The answer must be an exact copy of the lines from the top of the listing below through the line with "Kişiye Özel Ahşap", with no pictures.

**Available data**
**********

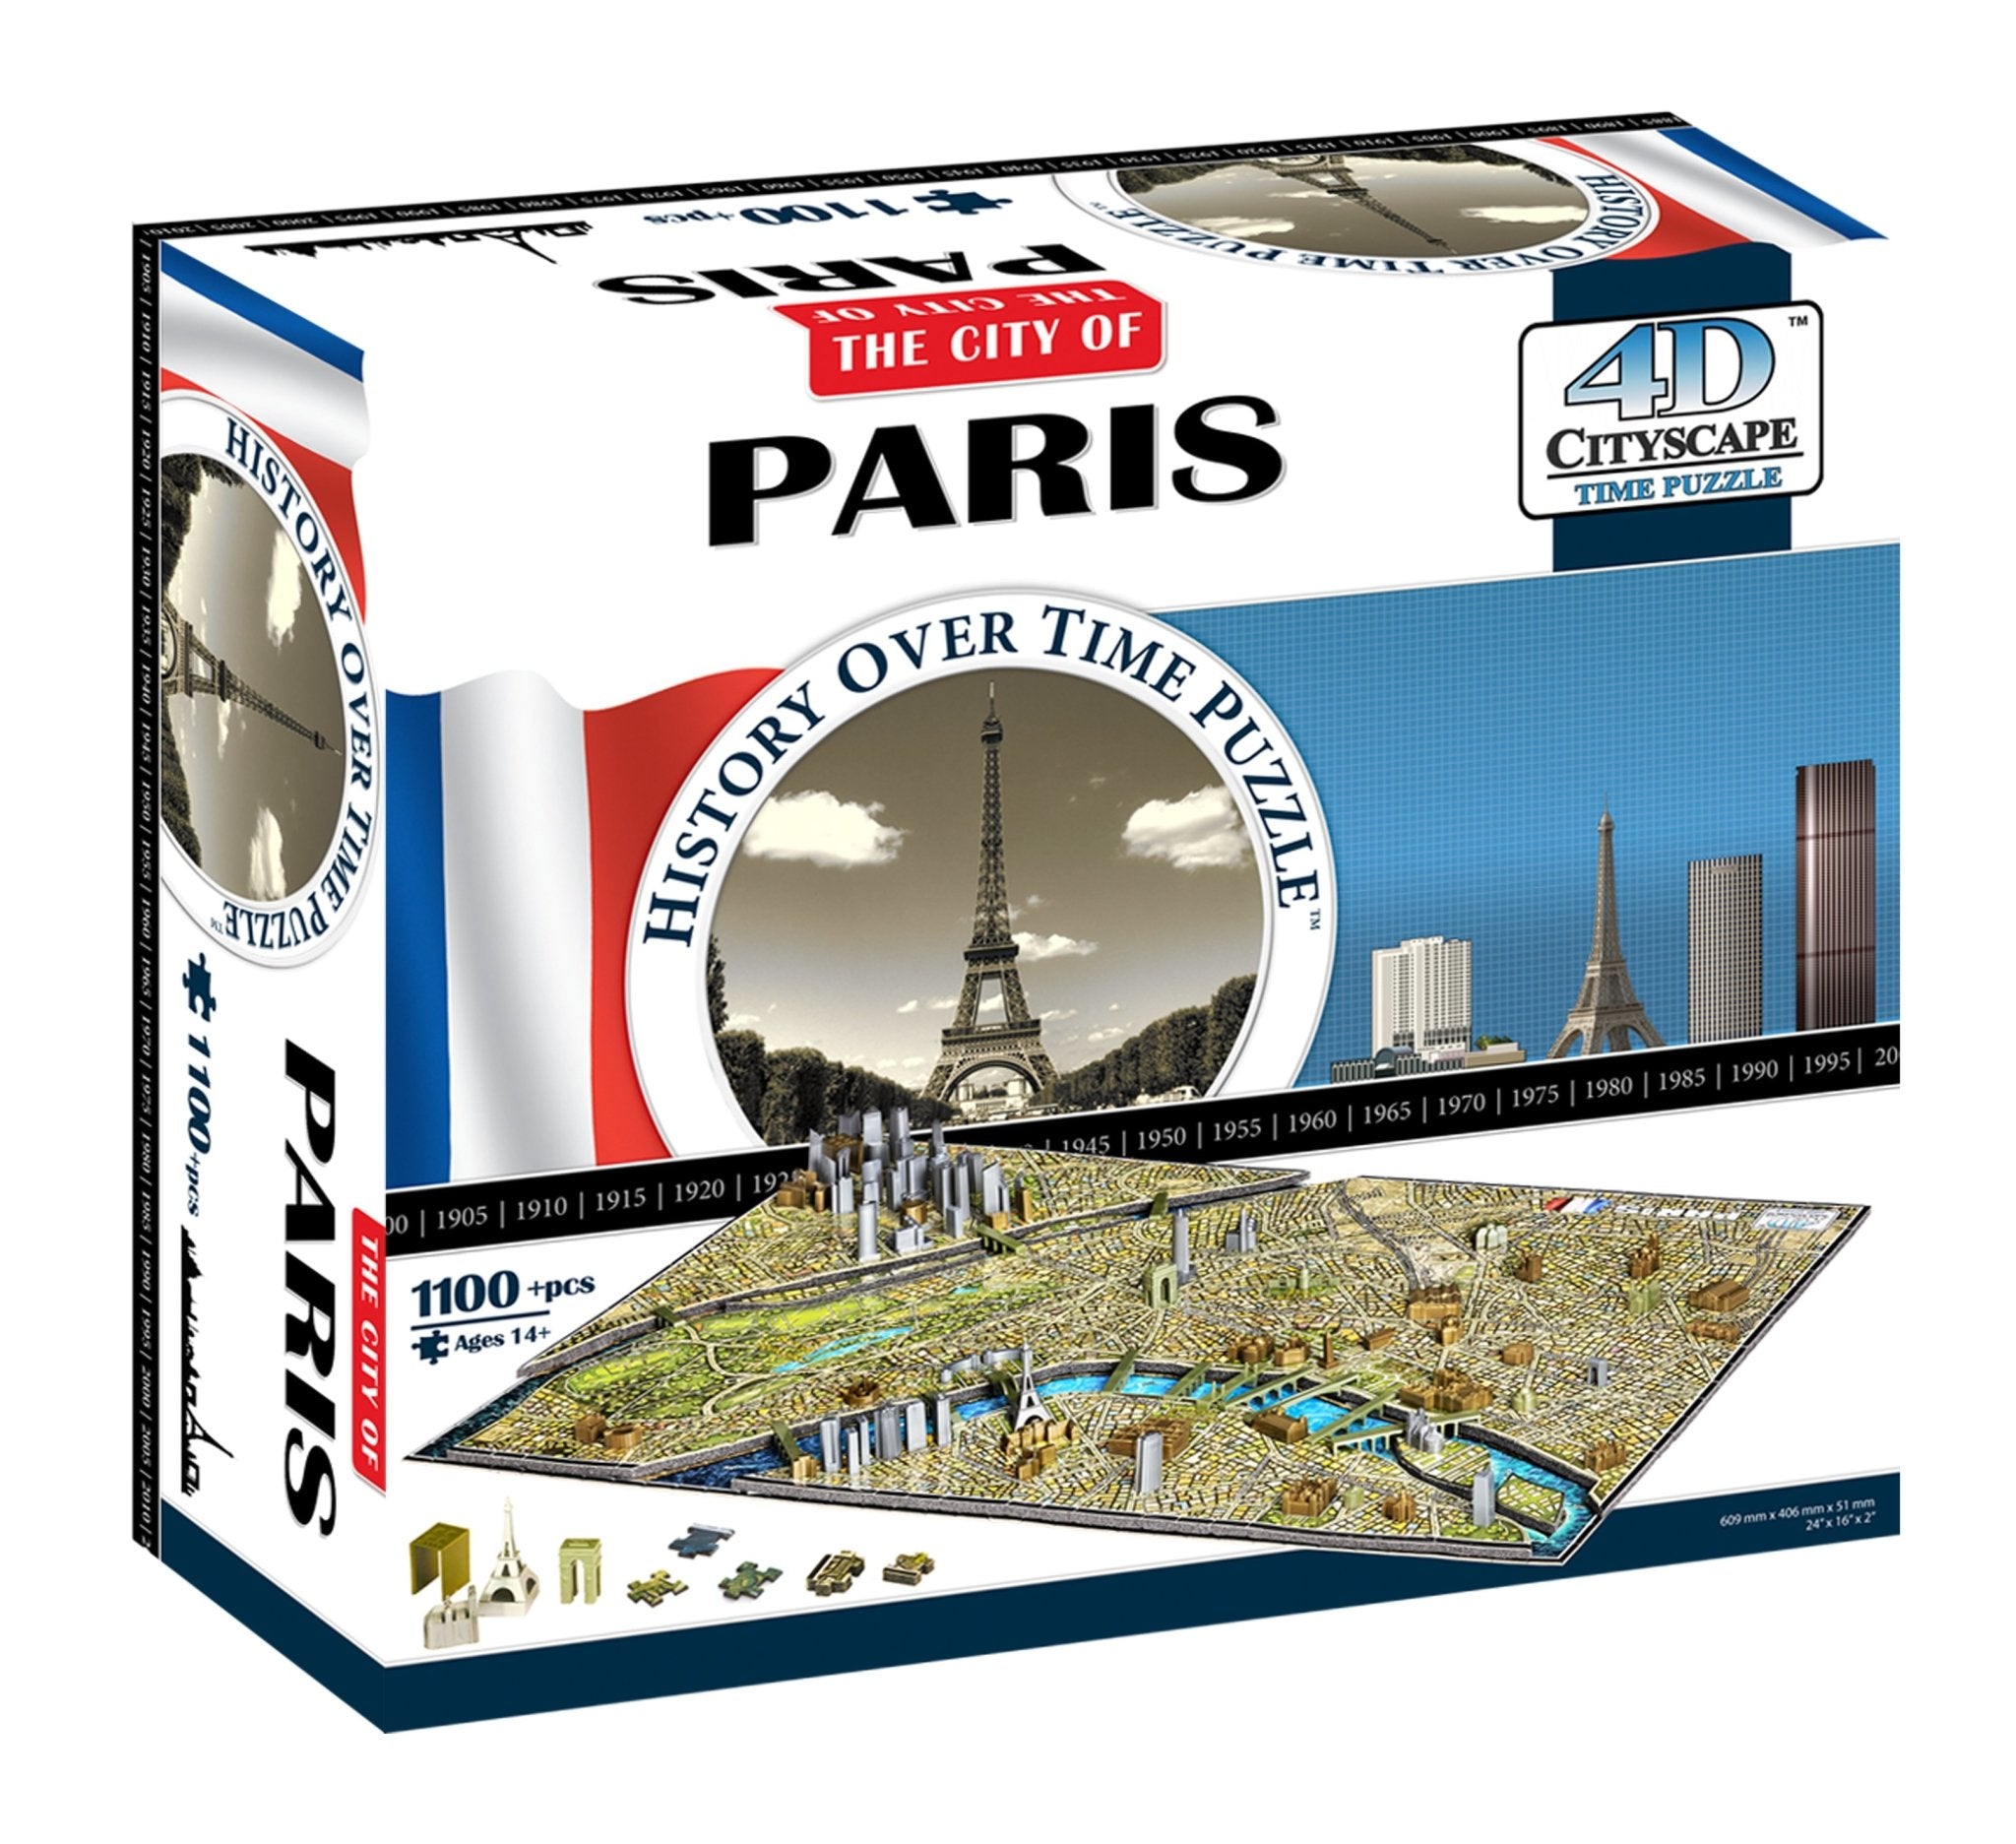 4D Cityscape Paris Time Puzzle - 4DPuzz - 4DPuzz
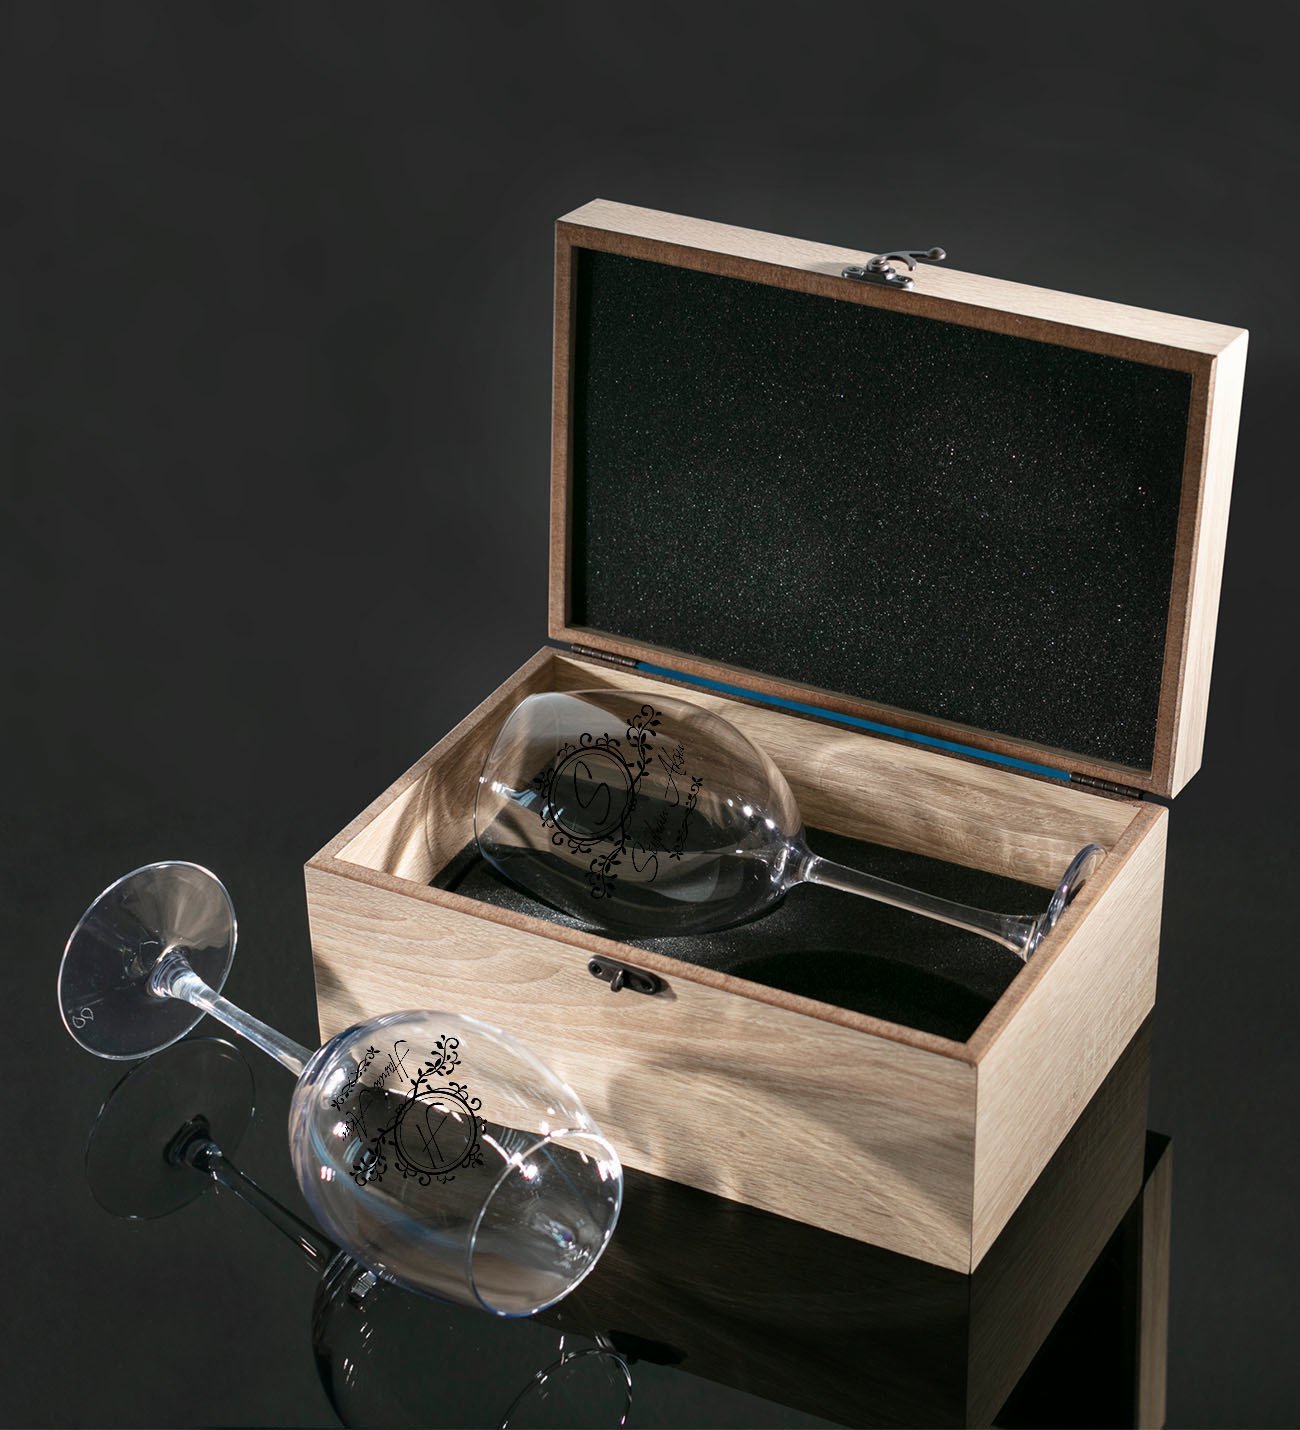 Kişiye Özel Ahşap Kutuda İsimli İkili Şarap Kadehi Hediye Seti Model 11
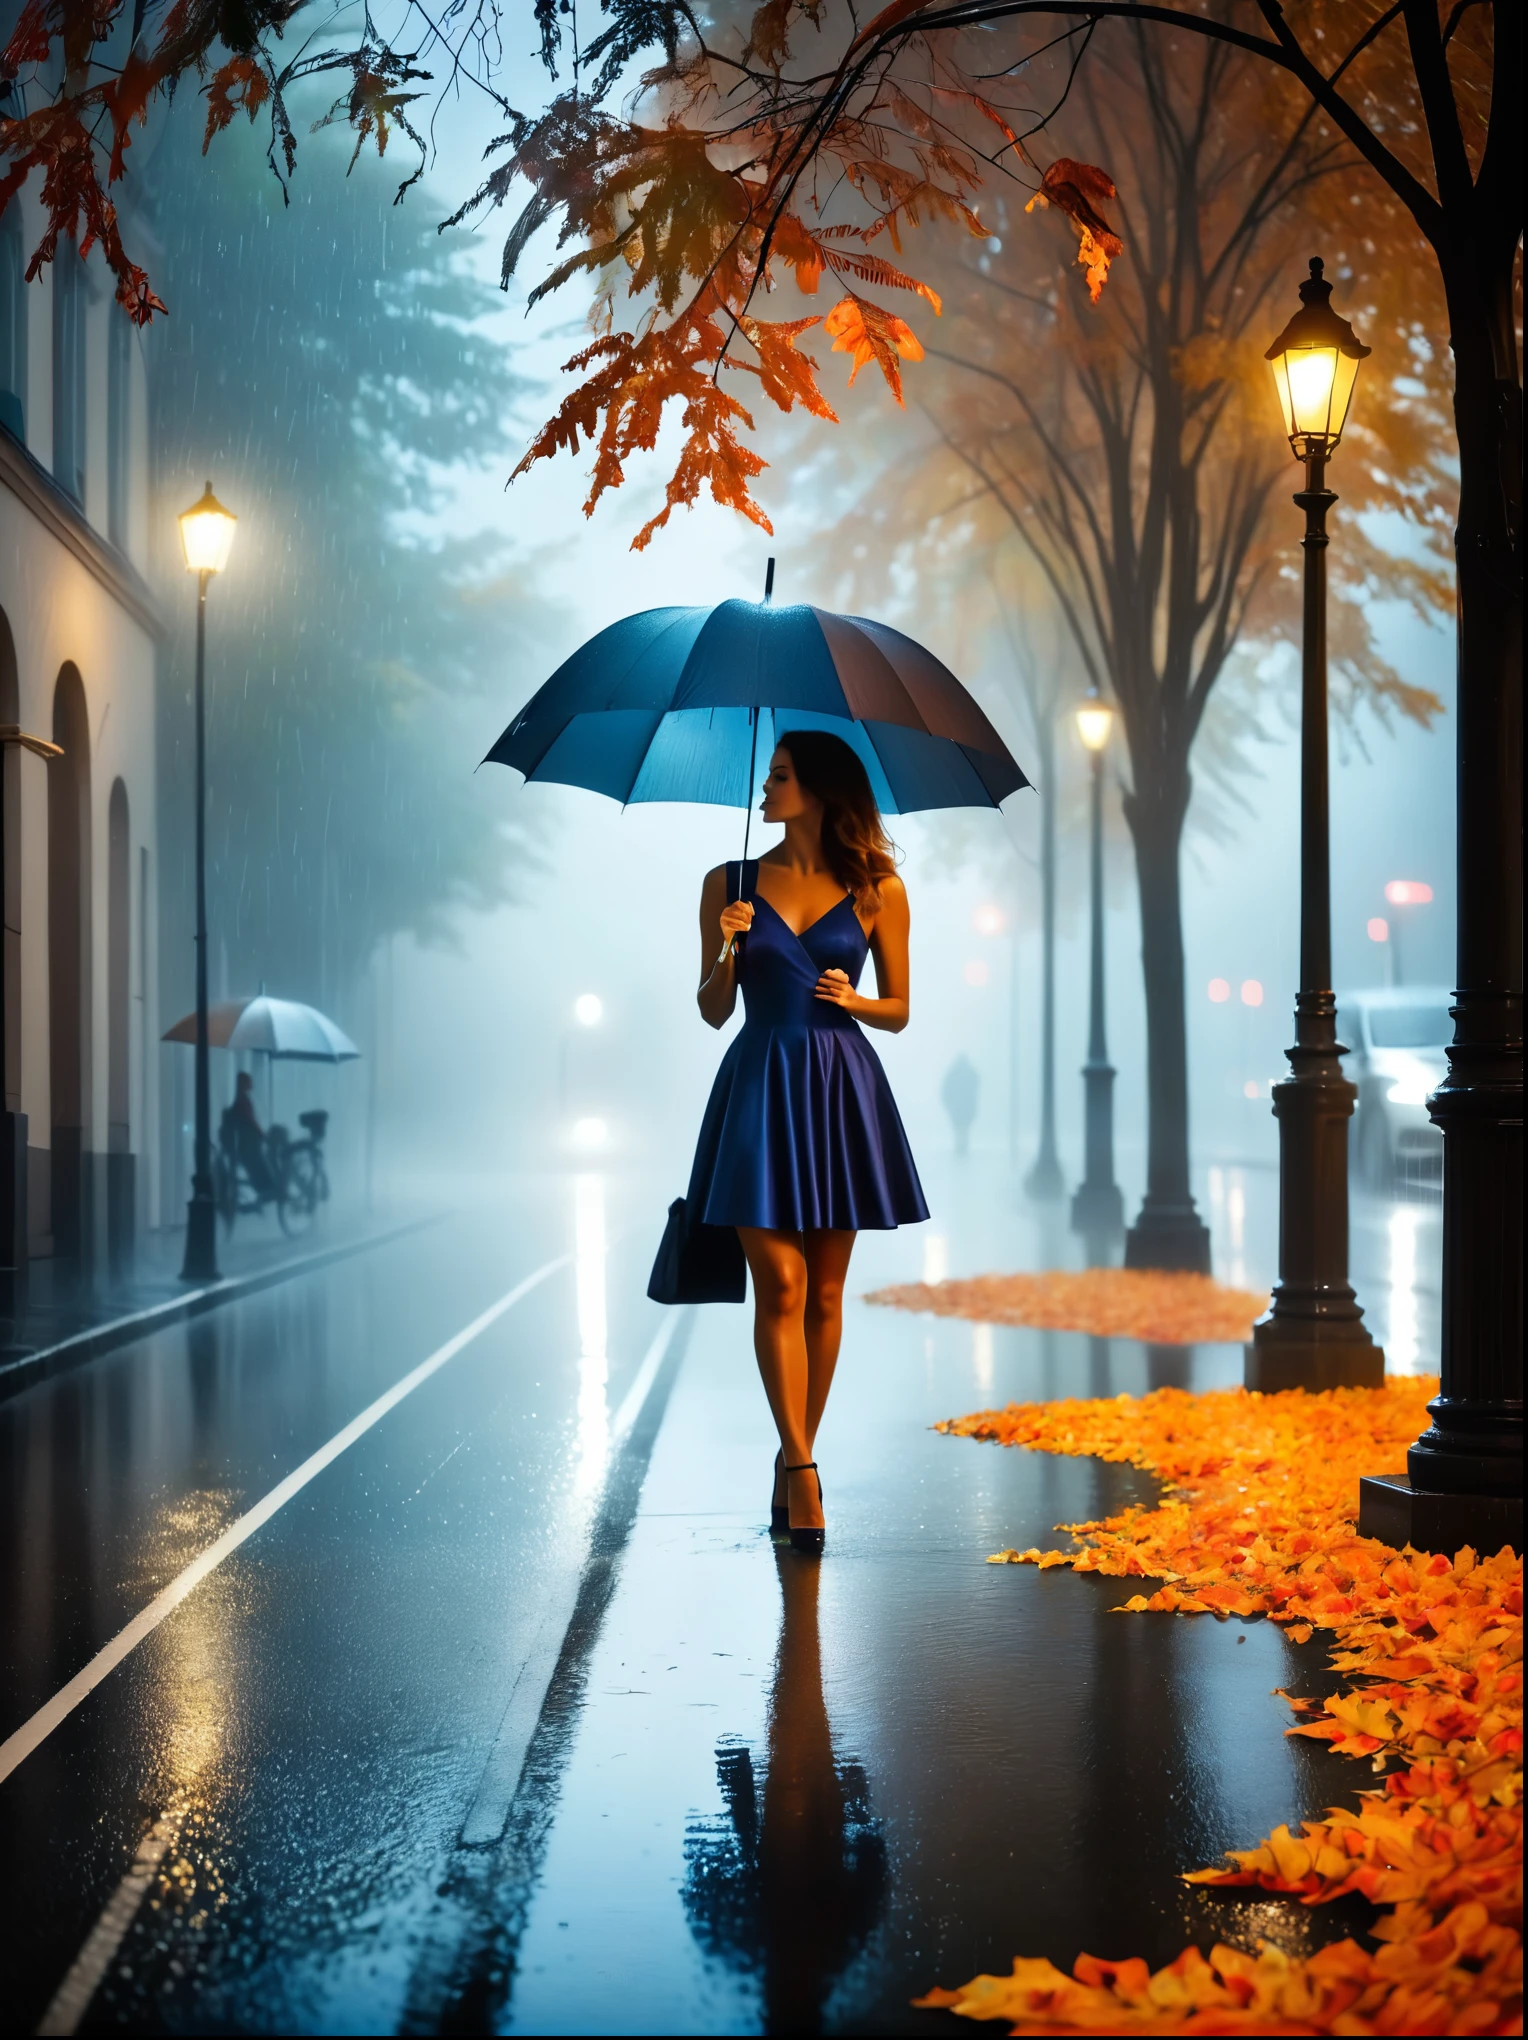 Mulher de vestido apertado com guarda-chuva na mão, in einer enevoadoen Stadt, folhas coloridas de outono na rua, uma foto de Kuno Veeber, vencedor do concurso pixabay, arte conceitual, parado na chuva, mysterious mulher, bela menina, que fica na chuva, Pessoa solteira com guarda-chuva, mulher ((Silhueta)), ((enevoado)) e chuvoso, imagem feminina na sombra, em um ambiente chuvoso, tempo chuvoso, Estradas chuvosas ao fundo , ((Nevoeiro com luz)), ((vista por trás)), luz da frente

**********

**Answer for this exercise**
 4D Cityscape Paris Time Puzzle - 4DPuzz - 4DPuzz
 Kişiye Özel Ahşap Kutuda İsimli İkili Şarap Kadehi Hediye Seti Model 11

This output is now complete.